Чего больше было в его голосе – тоски или вызова? Несмотря на малый возраст и мелкий рост, Степа Ивашкин оказался одним из самых больших озорников в школе. По-моему, тут было то же самое, что с Сеней Винтовкиным: таким способом он утверждал себя. Так обращал на себя внимание. Так заставлял помнить о себе. Он рос, как сорная трава, без всякого присмотра. Его мать, кладовщица в магазине, дома почти не бывала, и в прошлом году старушка классная руководительница заговорила с ней о детском доме. Но мать ответила:

– Нарожайте своих и отдавайте. А мой будет при мне.

Время от времени до меня доходили слухи о каком-нибудь Степином подвиге: то он бритвой разрезал чье-то пальто на вешалке, то во время урока плясал на подоконнике и чуть не свалился на мостовую. По сравнению с ним наш Сеня был тише воды, ниже травы.

Войдя в класс, я тотчас увидела Степу. Ребята еще не расселись по местам, до звонка оставалось минут пять. Степа стоял у доски и выводил на ней какие-то каракули…

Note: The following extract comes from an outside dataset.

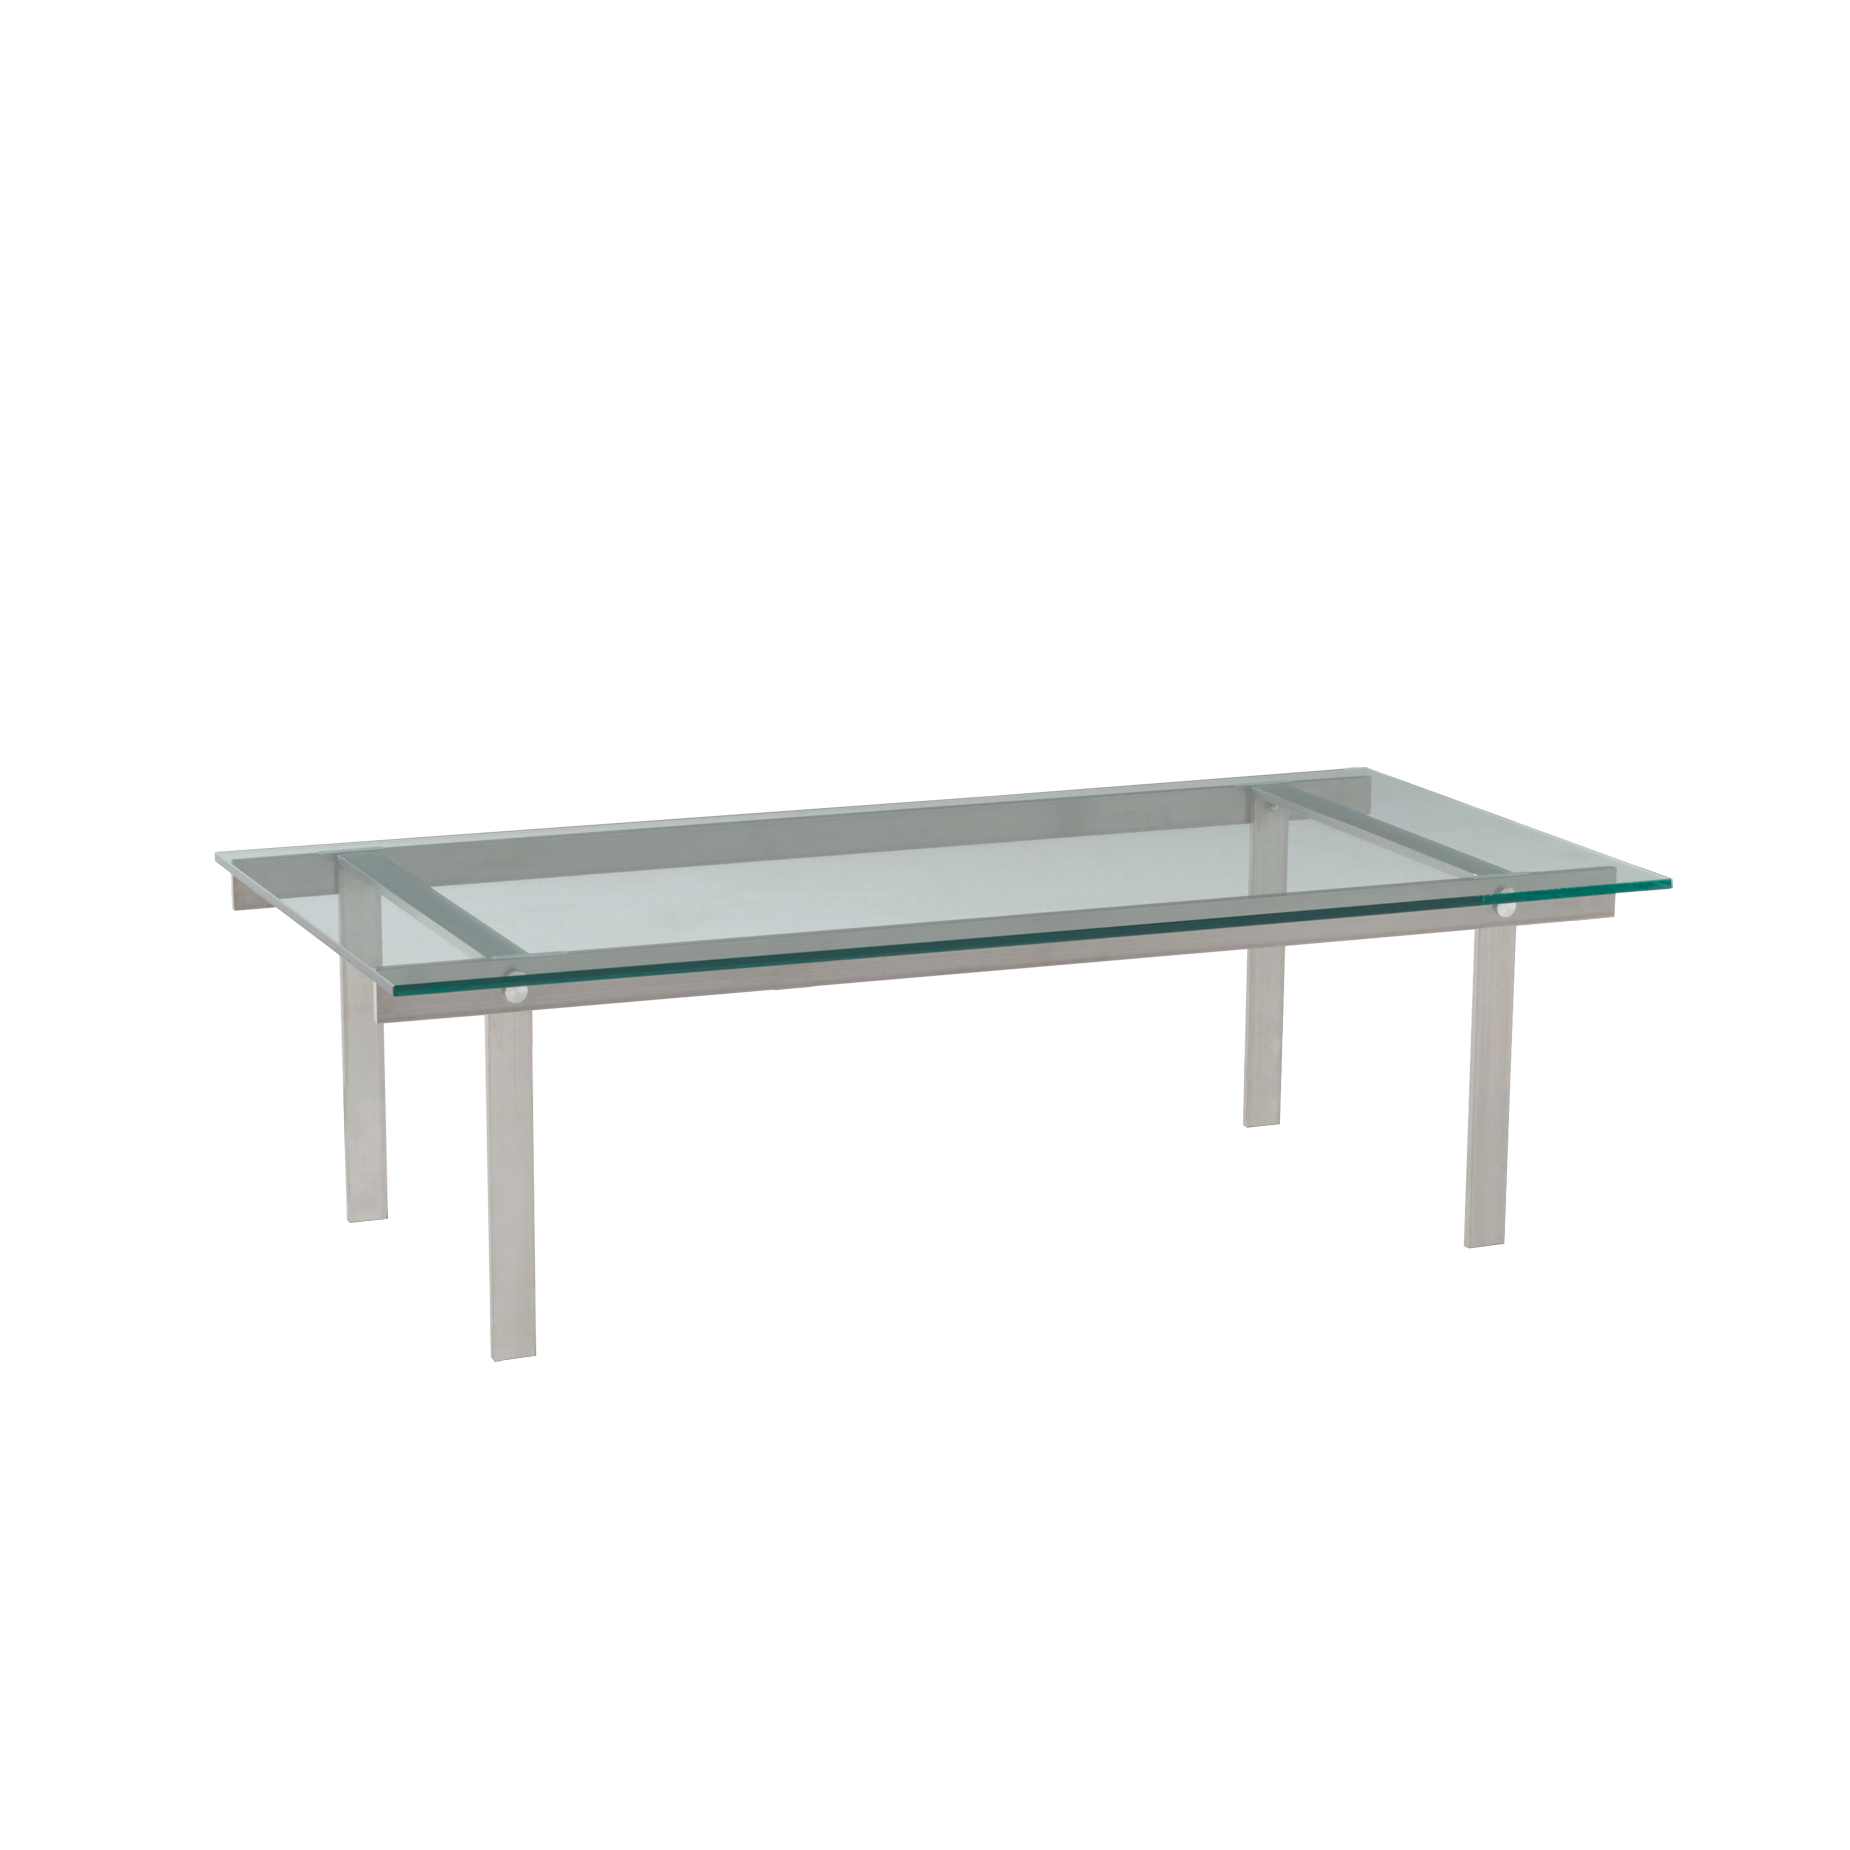 (주)도이치DOICH 공방 ®   DENING table  도이치 데닝 소파테이블  120Cm / 강화유리

– Ивашкин, положи мел! – молила его девочка с торчащими косичками. – Ивашкин, я же сегодня дежурная! Ивашин, отойди! Мне надо стереть с доски, сейчас Андрей Николаевич придет.

В голосе ее звучали слезы. Но Ивашкин и ухом не вел.

Я подошла, взяла у него мел и положила на место:

– Садись-ка, сейчас звонок.

Он, не сопротивляясь, отдал мел. Повернулся к окну, задумчиво посмотрел на улицу. Потом глубоко вздохнул, словно задумал что-то, и… полез на шкаф. Да, он взял стул, влез на него, потом левой ногой уперся в раму классной доски, подтянулся на руках и взлетел на шкаф, где и уселся, безмятежно глядя на меня сверху.

Дежурная чуть не зарыдала в голос:

– Ивашкин! Сойди! Ну что тебе, жалко? Сойди, говорю!

Зазвенел звонок, и тотчас в дверях показался Андрей. Я уселась на заднюю парту, ожидая, что он скажет, что сделает. Но он ничего такого не сделал. Поздоровался с детьми, мельком взглянул на шкаф и отвернулся.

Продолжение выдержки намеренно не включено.